Ted Cruz was a frugal spender when he ran for president earlier this year. Four super PACs supporting the Republican senator from Texas raised $45 million. But after Cruz dropped out of the race in May, some of those donors got a lot of their money back. Energy investor Toby Neugebauer donated $10 million to one super PAC, and got a $9 million refund. Members of the Wilks family, who are Texas fracking billionaires, donated $15 million to a different Cruz super PAC and got $8.2 million back.
Most other big donors waved their money goodbye—without getting anything in return. Super PACs, the political groups that have no fundraising limits and typically target wealthy donors, raised $594 million during the 2016 presidential cycle, according to the Center for Responsive Politics. The bottom line on all that money: Ninety percent of it, or $535 million, went to losing candidates.

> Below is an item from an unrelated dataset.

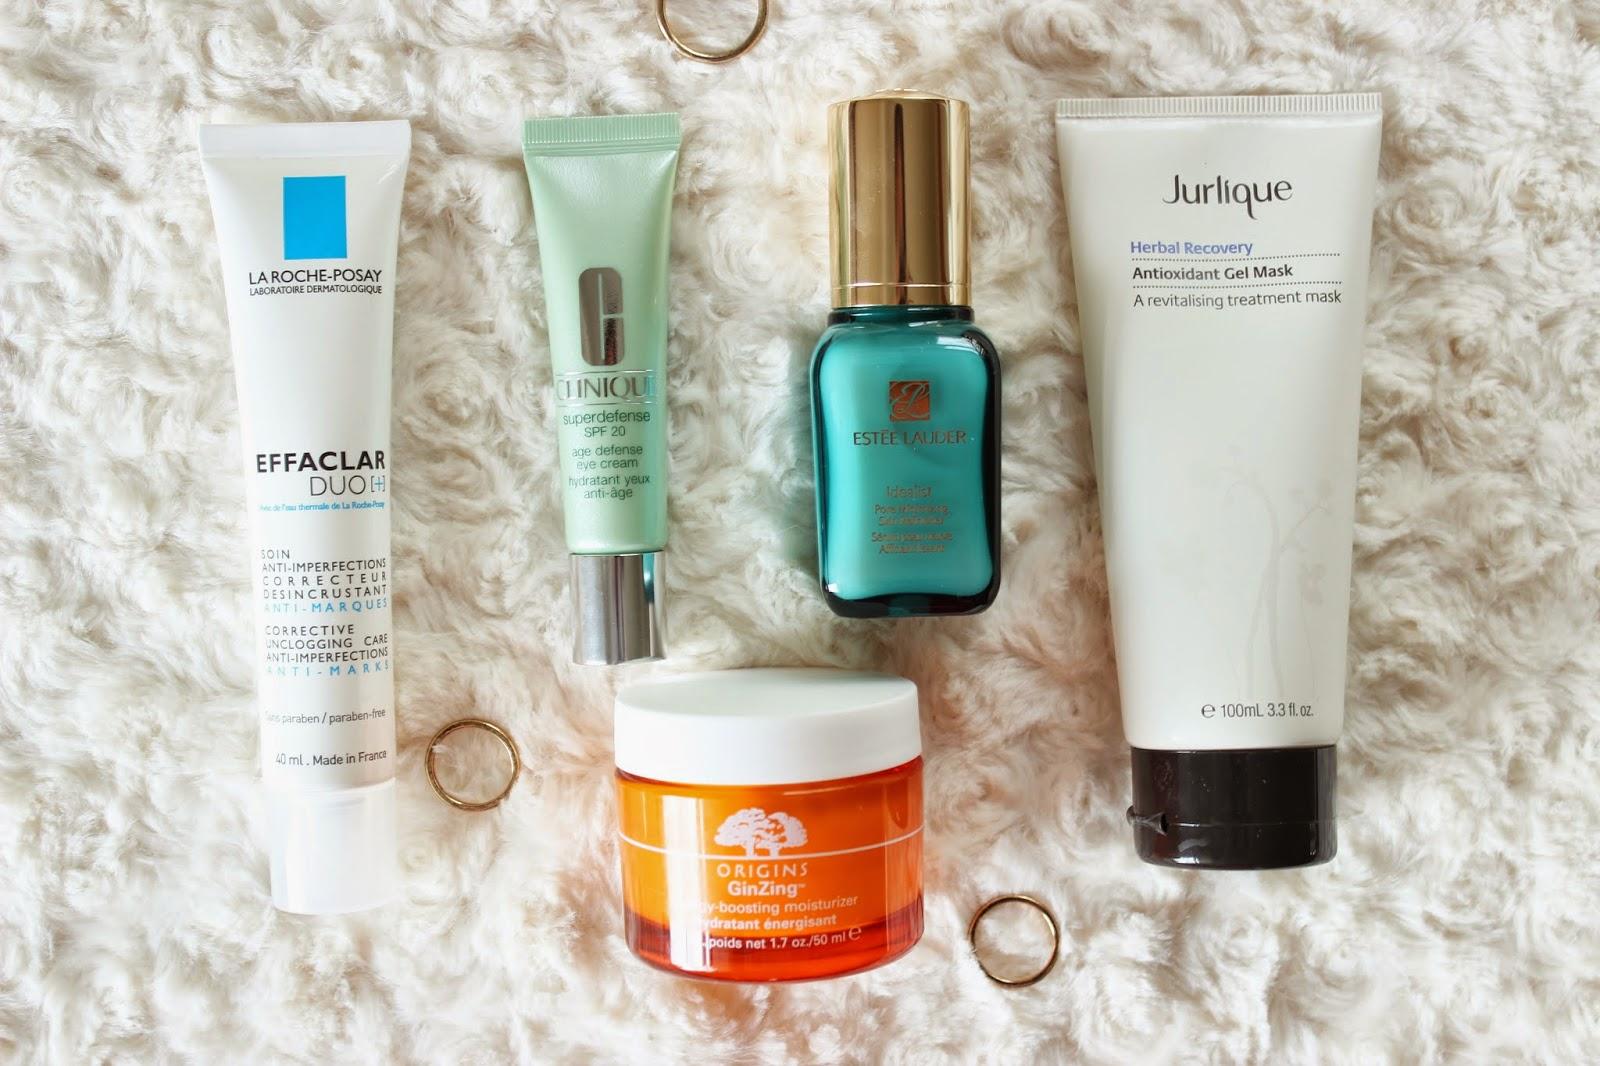 Beauty Post Holiday Sos Skincare Skin Refinisher La Roche Posay Effaclar Duo Anti Blemish Cream Clinique Superdefense Spf 20 Age Defense Eye Estee Lauder Idealist Pore Minimizing

The ultimate winner, Republican Donald Trump, obviously ran an unconventional campaign far less dependent on outside funders than most other presidential candidates. At first, he refused to accept support from super PACs funded by wealthy donors. Super PACs eventually raised $59 million to spend campaigning for Trump. But super PACs backing Democrat Hillary Clinton raised three times as much, and even Jeb Bush and Marco Rubio, whom Trump dispatched in the primaries, had super PACs that pulled in more cash than Trump.